In her case, her real grandmother had gone mad and was kept in the basement by her husband while her sons upstairs were made to believe that their mother died of TB at the hospital. I wanted to bring this up because I think that popular imagination seems to relate honor killing and what happened to my grandmother directly with Islam and certain Muslim countries--which is not exactly fair (nor do I want to perpetuate that myth). Certainly, Islam does not condone and/or tolerate it.

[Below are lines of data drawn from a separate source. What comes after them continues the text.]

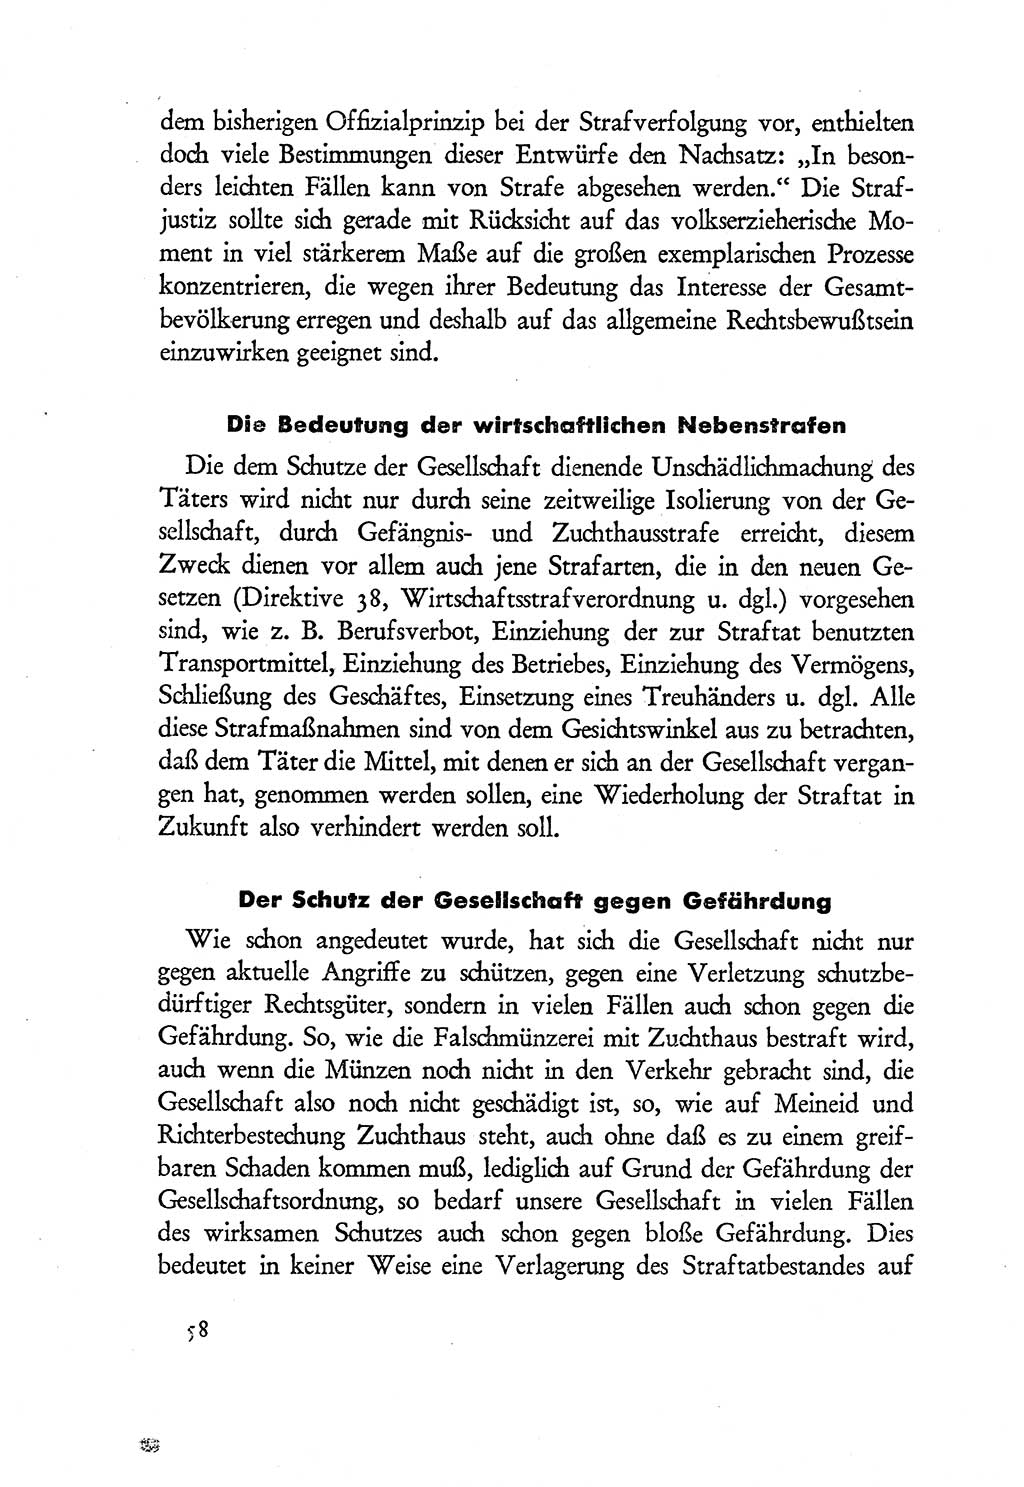 Probleme eines demokratischen Strafrechts [Sowjetische Besatzungszone (SBZ) Deutschlands] 1949, Seite 58 (Probl. Strafr. SBZ Dtl. 1949, S. 58)
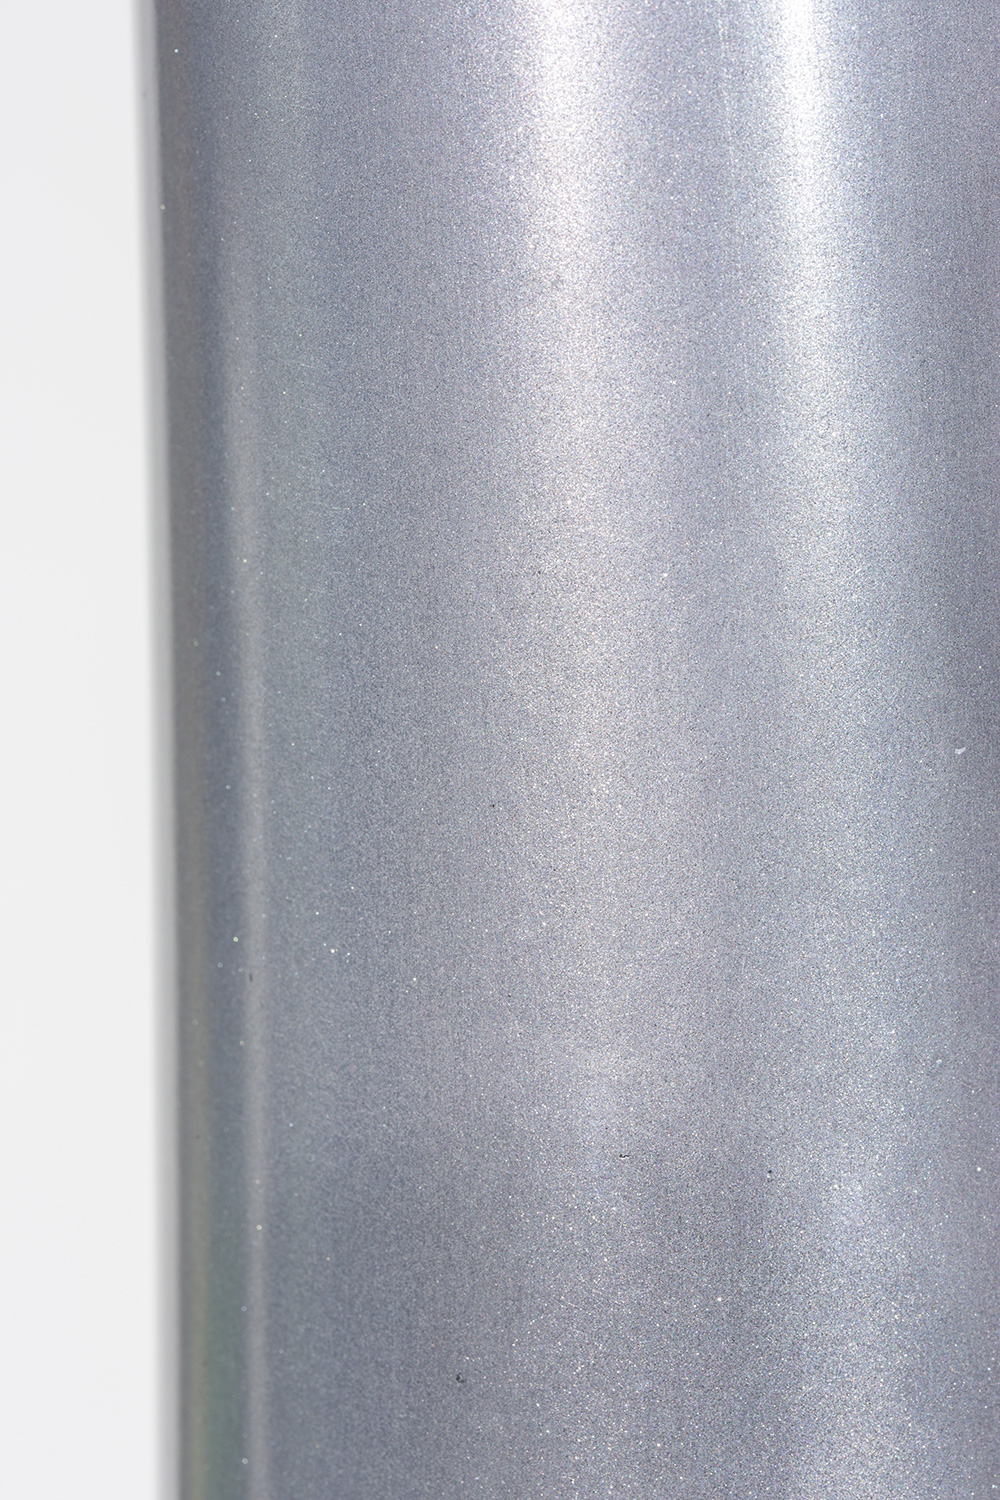 Glory Bodenvase, 30/180 cm, aluminium L: 30 B: 30 H: 180 | aluminium
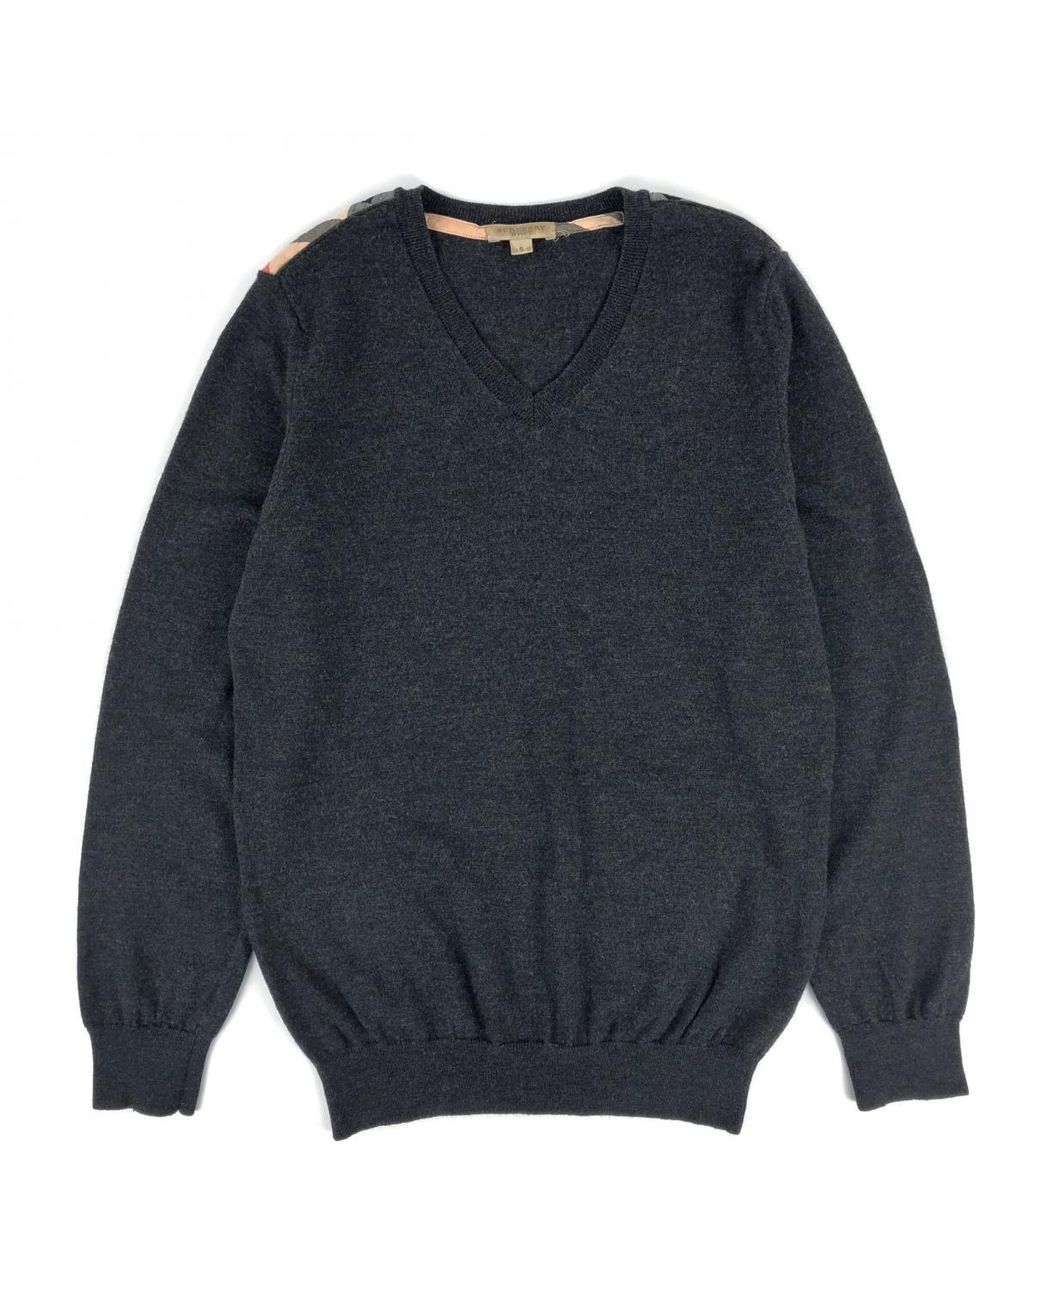 Burberry Grey Wool Knitwear & Sweatshirts in Gray for Men - Lyst

"Murder of kin on the justification of restoring family honour is frequent not only in Arab Muslim society, but also in other societies, not excluding those, for example, of Sardinia and Sicily. This does not mean that Roman Catholicism encourages it. Honour killing frequently appears in other cultures such as those of Brazil, Spain, Colombia, and Mexico and has been represented in literary works such as those by Spanish playwright Garcia Lorca and Colombian writer Gabrial Garcia Marquez. Subjugation, exploitation, and commodification of women are ancient and widespread . . . the fact that Hammurabi, Aristotle, Augustus, Aquinas, and others, were occupied by notions of sexual conduct, honour, and shedding of blood demonstrates that killing for honour transcends space, religion, and time. . . Honour killing is simply an extreme redress by men who interpret the sacred texts according to their tribal vision of life."        
~ Amir H. Jafri (Honour Killing: Dilemma, Ritual, Understand)
What really interests me is how specifically women in families come to be the tangible symbol of honor. She is sacrificed repeatedly as a symbol, not as a person. In the view of the world around her, she has disappeared.